There was so much to worry about, so many awful scenarios ready to crowd out the pleasure of seeing Lauren return to consciousness, that sometimes she could feel herself becoming swamped by it all. What if Lauren came round and it was discovered she’d never be able to do anything but think for herself again? How terrible it would be for her, trapped inside a body that couldn’t function at all, never to be able to put her thoughts into words, or actions, or anything else that would help her to be understood, or move, or even eat unassisted. Locked-in syndrome,
they called it. If that happened Will would have been proved right: she, Emma, would have condemned herself to a lifetime of caring for a daughter who might actually hate her for forcing such a miserable existence upon her. Lauren would probably consider herself better off dead.

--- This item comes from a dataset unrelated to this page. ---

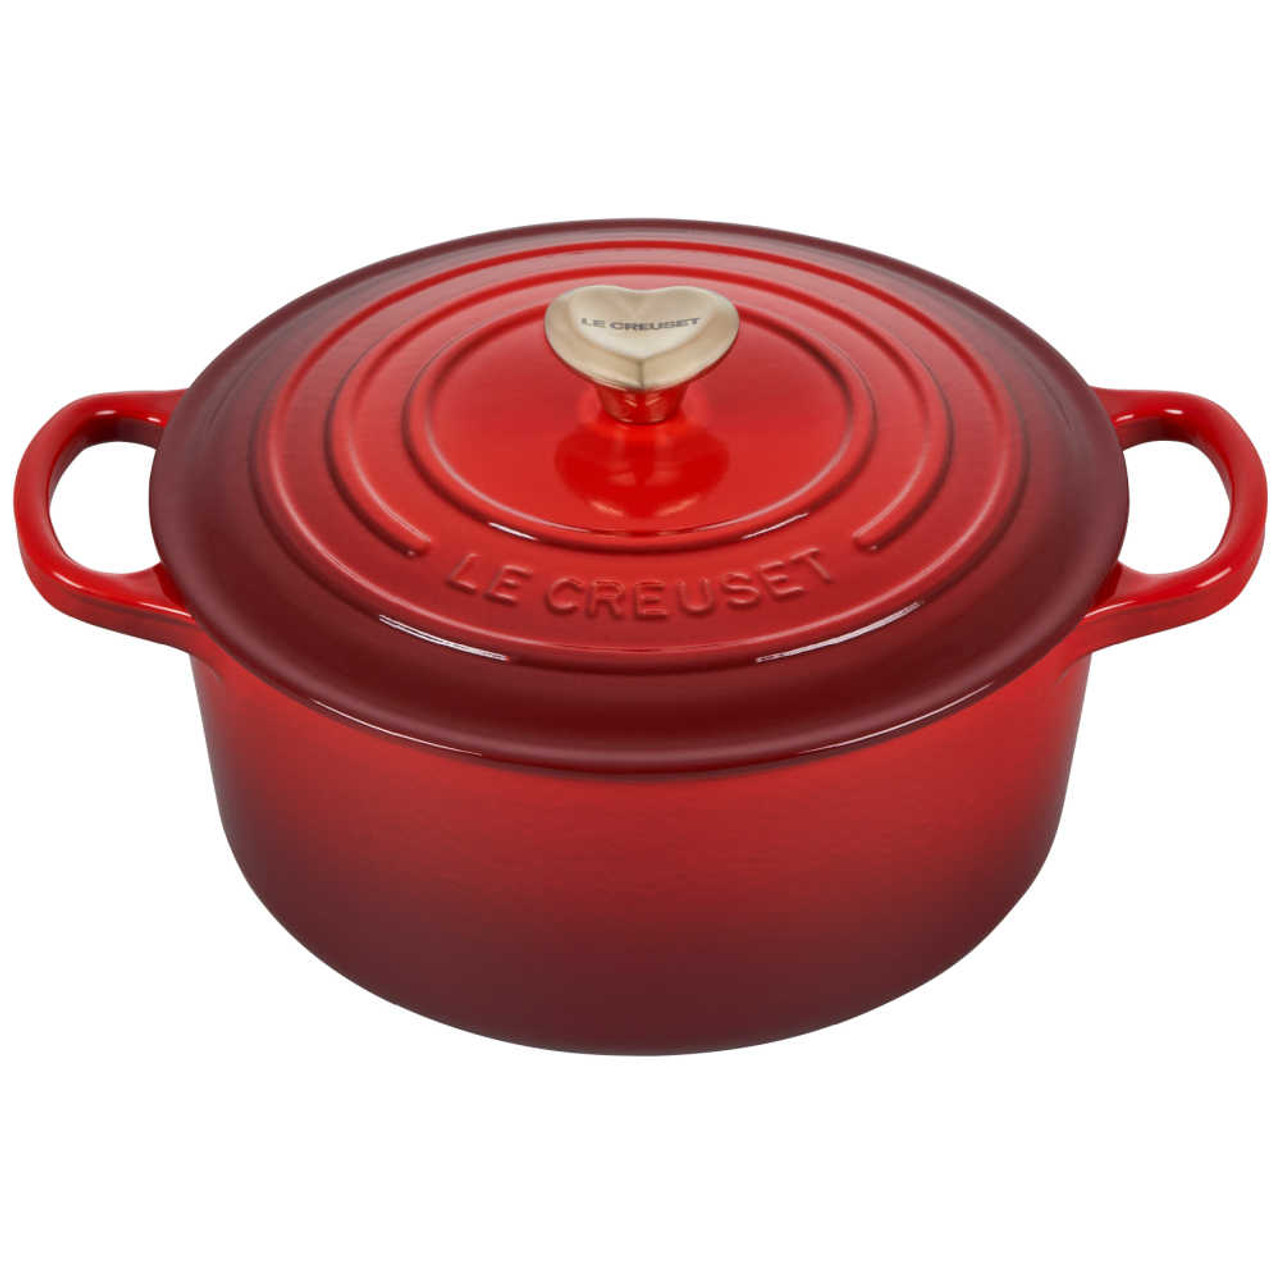 https://cdn11.bigcommerce.com/s-hccytny0od/images/stencil/1280x1280/products/3846/17485/Le_Creuset_Round_Dutch_Oven_With_Heart_Knob_Cerise__30913.1639442739.jpg?c=2?imbypass=on

As the days, weeks had worn on she’d found herself wondering more and more how delusional, selfish, even arrogant, she was in believing that her love for Lauren could make everything all right. Perhaps Will’s way was the kindest.
If you really love someone you’ll let them go
. Did that mean he loved Lauren more because he was prepared to let her go? Emma couldn’t accept that, but she was starting to realise that maybe she should have tried harder to understand that all he really wanted was what he thought was the best for Lauren.